I cringed. All I could muster was “nice man.” I moved away from the air conditioner, frozen through.

How I missed Celia at moments like this. She’d held the key to my steamer trunk full of emotional backstory. She’d have known what to say.

But I knew the upside to marrying Simon. He was financially secure, handsome, and smart but not snobby. He recycled, he biked, he ate locally sourced foods, he offered his employees parental leave and health insurance. He opened doors, pulled out my chair, gave me the remote, and asked my opinion.

And there was chemistry. It wasn’t heart-pounding, belly-laughing, can’t-catch-your-breath chemistry. It was quiet chemistry. It was B-minus instead of A-plus chemistry.

Coupled with a view of the Golden Gate Bridge, I’d negotiate some freedom to explore the world with my camera, and with Simon—that could be enough. I was thirty-nine, for God’s sake, and Simon was almost fifty.

I could call him right now and tell him about Chance. Nettie’s on Lark was a landmark historical property, that would interest him. And that plot out by the mall. Maybe—no. He wouldn’t care that I was back in my hometown for a wedding, or that I didn’t ask him to accompany me. I could tell him about Celia and Shay and spending time with her every summer at his Chicago hotel (which I properly paid for).

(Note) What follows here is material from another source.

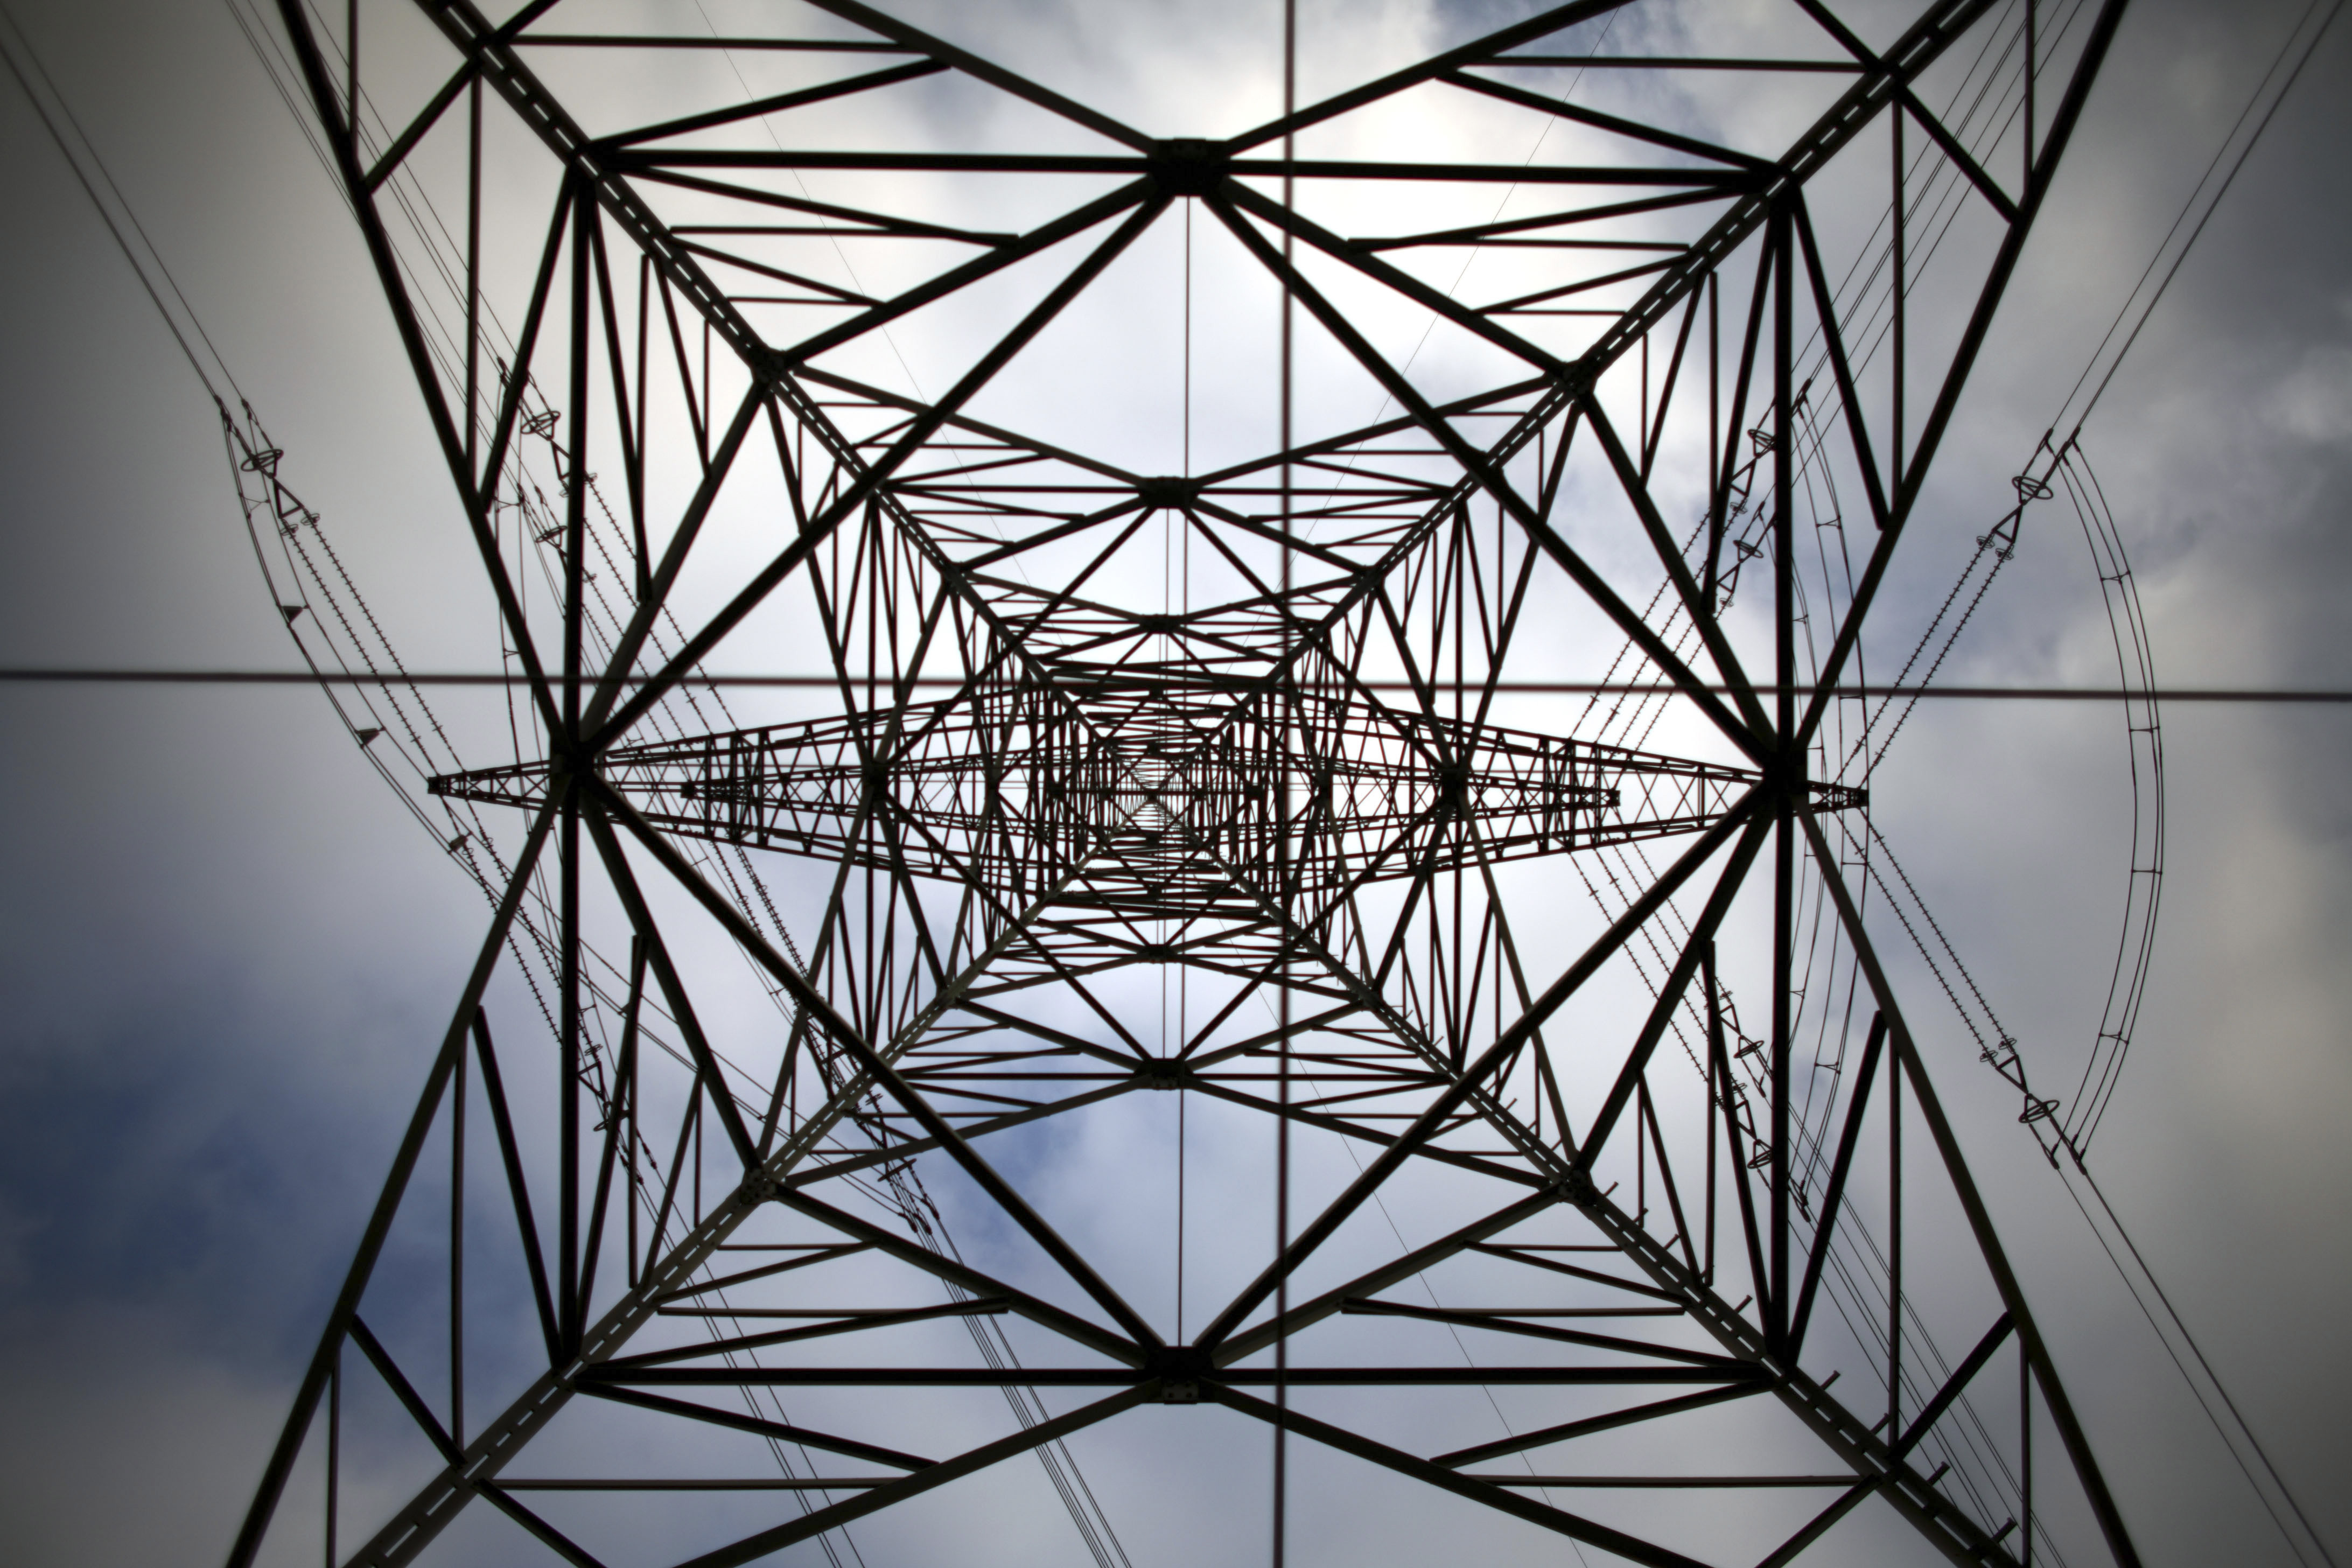 File picture shows a high-voltage power line tower near Berlin

A barrage of questions I’d never even thought to ask Simon piled into my brain and landed on top of one another. We spent our time together as if we’d landed on large stones in a rushing river, then we skipped to the next one without falling into the water below. Or even acknowledging it was there.

Inside my thoughts, the view outside of Simon’s window grew dark, the landscape no longer in full view, as if someone had activated their remote control from afar. Again, I was in my underwear, making a phone call. I sat on the bed and scrolled through my contacts.